START GIVEN MATERIAL
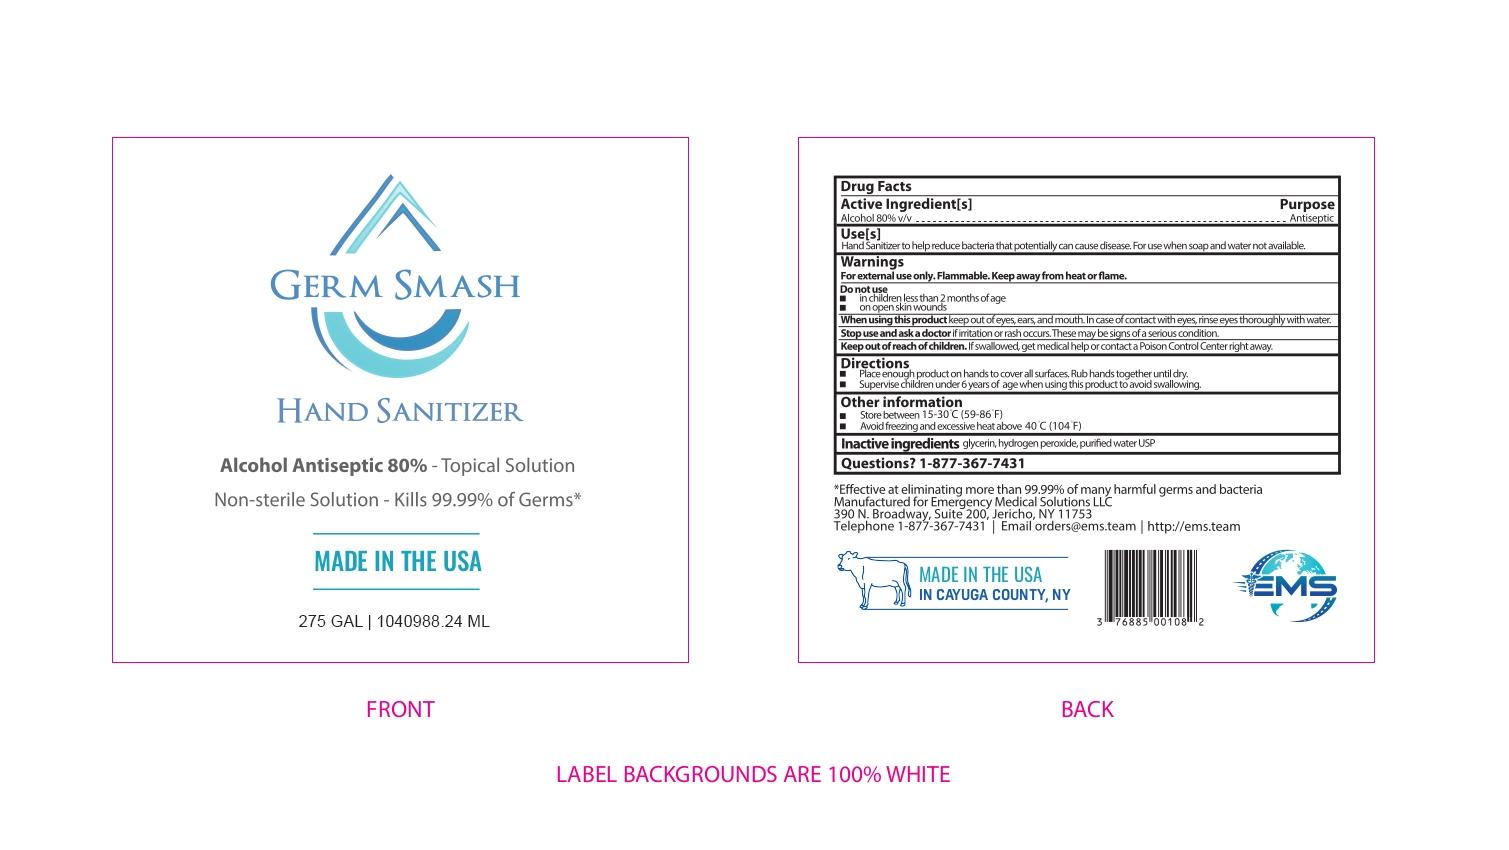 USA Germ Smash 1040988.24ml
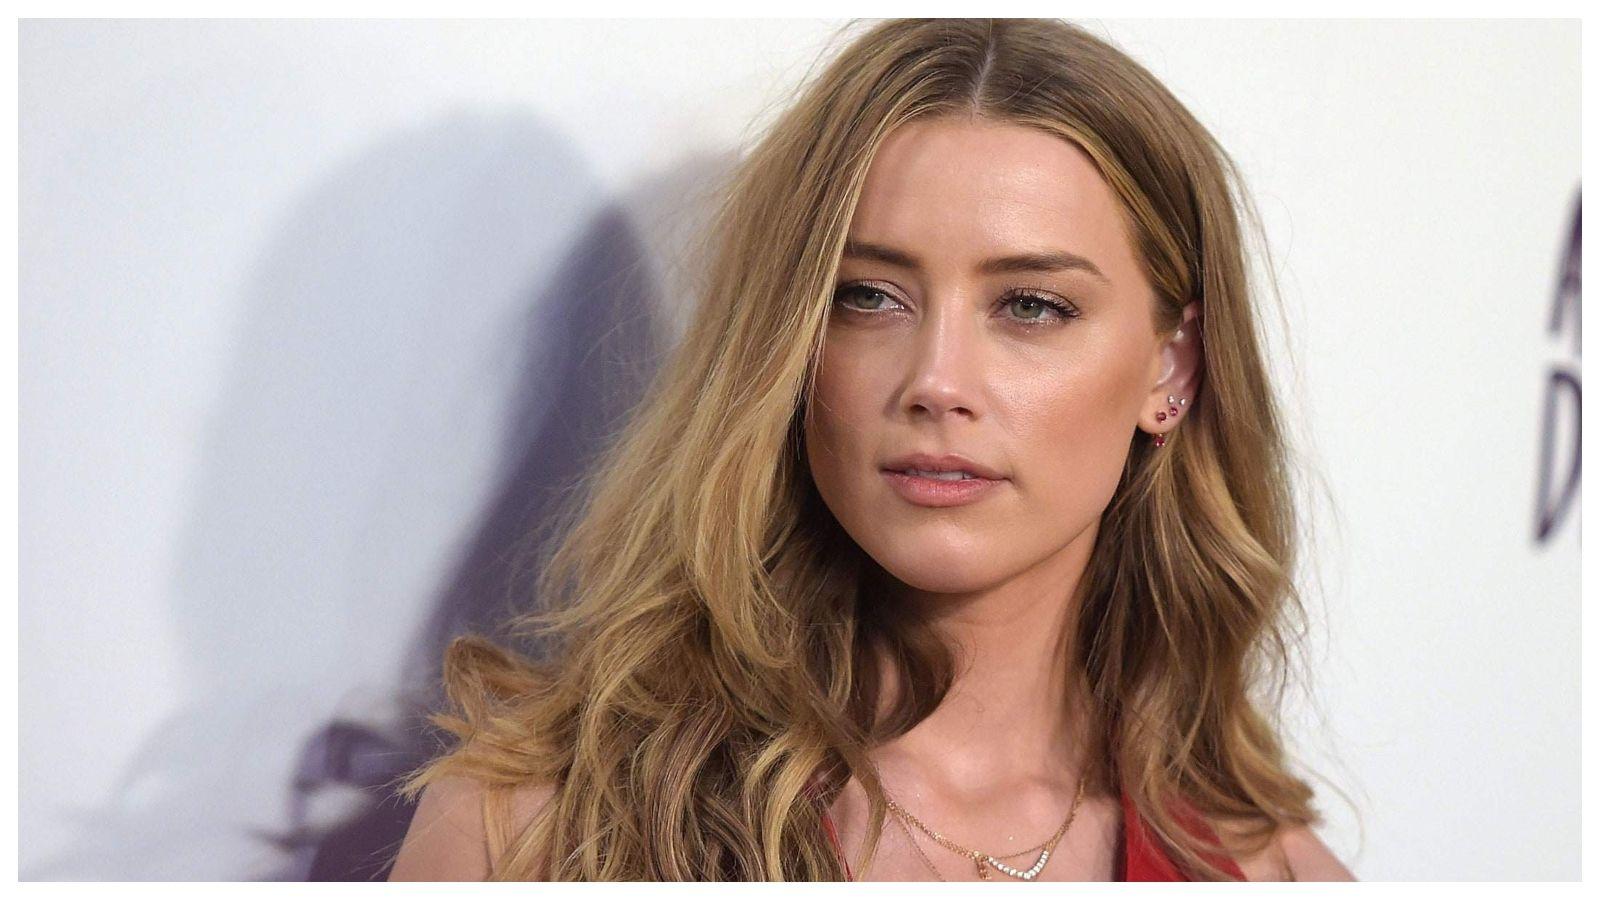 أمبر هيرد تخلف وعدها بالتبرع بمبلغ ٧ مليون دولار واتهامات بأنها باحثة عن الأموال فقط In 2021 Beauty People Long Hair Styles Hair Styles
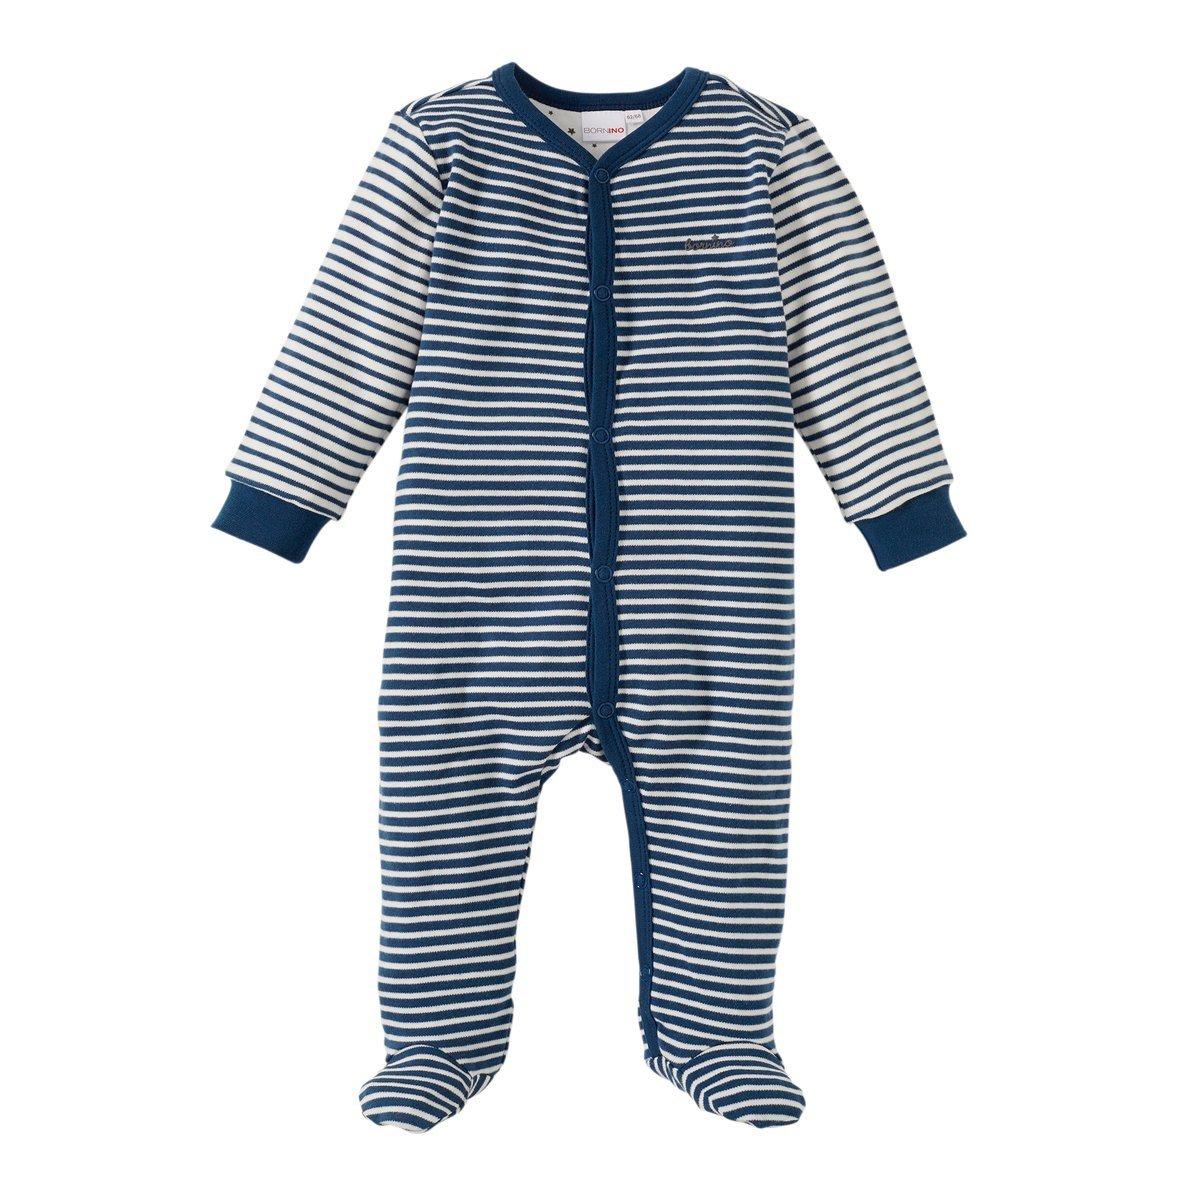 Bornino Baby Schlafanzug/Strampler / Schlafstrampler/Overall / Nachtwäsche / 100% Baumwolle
END GIVEN MATERIAL
> WHAT NEEDS TO BE DONE
From the line containing "أمبر هيرد تخلف" through the final line of the listing above, reproduce every line exactly, with no pictures.

> ANSWER TO THE EXERCISE
 أمبر هيرد تخلف وعدها بالتبرع بمبلغ ٧ مليون دولار واتهامات بأنها باحثة عن الأموال فقط In 2021 Beauty People Long Hair Styles Hair Styles
 Bornino Baby Schlafanzug/Strampler / Schlafstrampler/Overall / Nachtwäsche / 100% Baumwolle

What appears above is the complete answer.